The resource was updated to include Nurse Practitioners (NP), NP Practice Standards and NP Entry-Level Competencies. Reviewing this document may help to support RNs and NPs when addressing professional practice issues.
CRNS Practice and Education Nursing Advisors are available to answer your questions. They can be contacted by phone at 1.800.667.9945 or 306.259.4227 or by email at practiceadvice@crns.ca.
Clinical Decision Tool Updates and RN(AAP) Scope of Practice Reminder
Updates to two Clinical Decision Tools (CDT) are effective October 1, 2024:
- Urinary Tract Infection (Cystitis and Pyelonephritis): Adult has been updated and now requires immediate consultation for pregnant patients presenting with a suspected urinary tract infection (UTI). There are clinical decisions that go beyond the CDT that may be important when treating pregnant clients who seemingly have a UTI and therefore consultation is required.
- Atopic Dermatitis: Adult and Pediatric CDT has had examples of signs and symptoms of systemic infection added to the immediate consultation section.
Reminders regarding scope of practice for RN(AAP)s
- The CDTs contain the additional actions that RN(AAP)s are authorized to take when permitted by the employer. RN(AAP)s are responsible for immediately consulting with a Nurse Practitioner (NP) or physician when required in a CDT.
- Outside of the CDTs, RN(AAP)s are practicing within the RN role and scope of practice and must consult with an NP or physician to be authorized to perform activities such as administering medications, ordering tests or determining a course of treatment. Examples of this are the care and treatment of people living with diabetes and other chronic health conditions or emergency situations.
- RN Clinical Protocols developed using the RN Specialty Practices framework can provide the authority to provide care for clients in situations outside of the CDTs. CDTs and RN Clinical Protocols together can support many situations an RN(AAP) may be presented with in their practice.
All CDTs can be accessed here. CRNS Practice & Education Nursing Advisors are available to answer your questions. They can be contacted by phone at 1.800.667.9945 or 306.359.4227 or by email at practiceadvice@crns.ca.

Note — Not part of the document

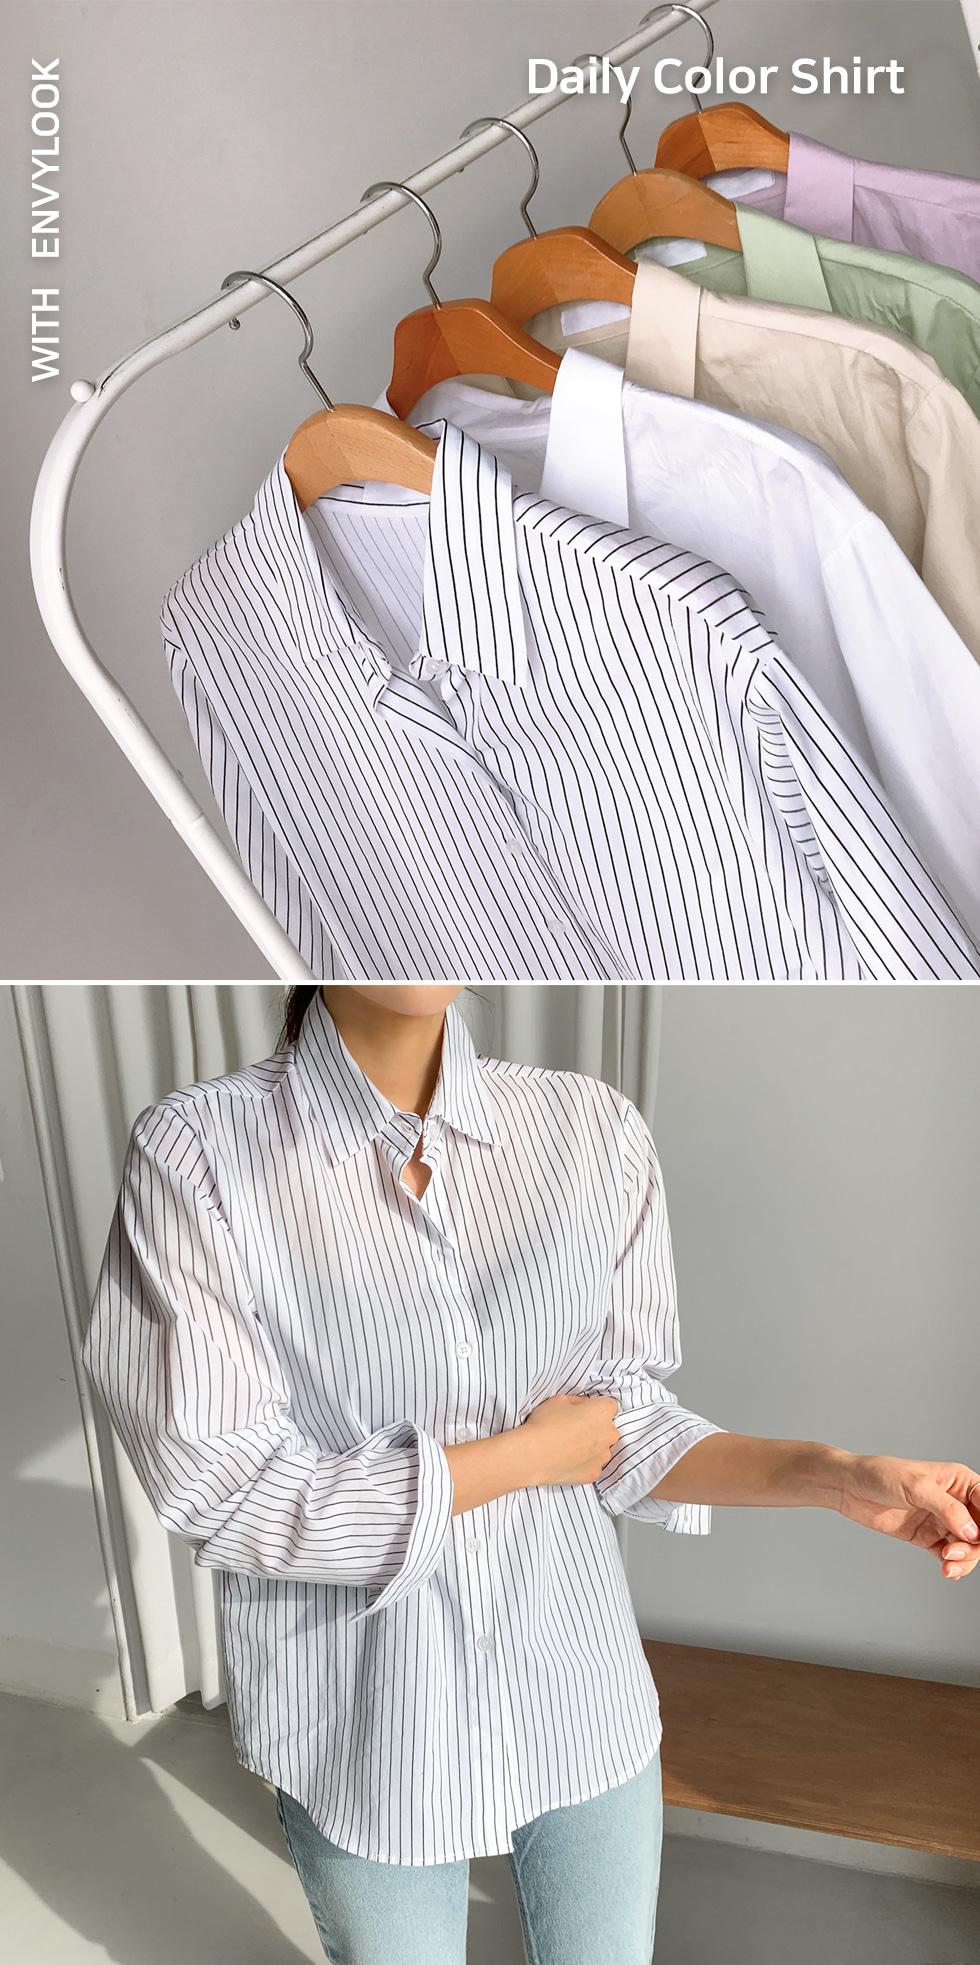 Two type shirt

Prescription Review Program Quality Initiative
Saskatchewan Nurse Practitioners (NPs) are authorized in accordance with provincial and federal legislation to prescribe and/or dispense drugs listed in Schedules I, II and III of The Drug Schedules Regulations, 1997, as amended from time to time. The CRNS participates in the Prescription Review Program (PRP) established in Saskatchewan, and all practicing NPs engage in a reflective practice assessment specific to PRP from time to time. The primary objective of the CRNS’s PRP is ensuring patient safety through safe prescribing practices.
The Prescription Review Program quality initiative (QI) helps to confirm that the NP’s prescribing practice is aligned with the relevant standards and guidelines. Many NPs find the opportunity to reflect on their prescribing practice as a valuable investment. This program will be launching this fall and you may be randomly chosen to participate. More information can be accessed here (add link to webpage).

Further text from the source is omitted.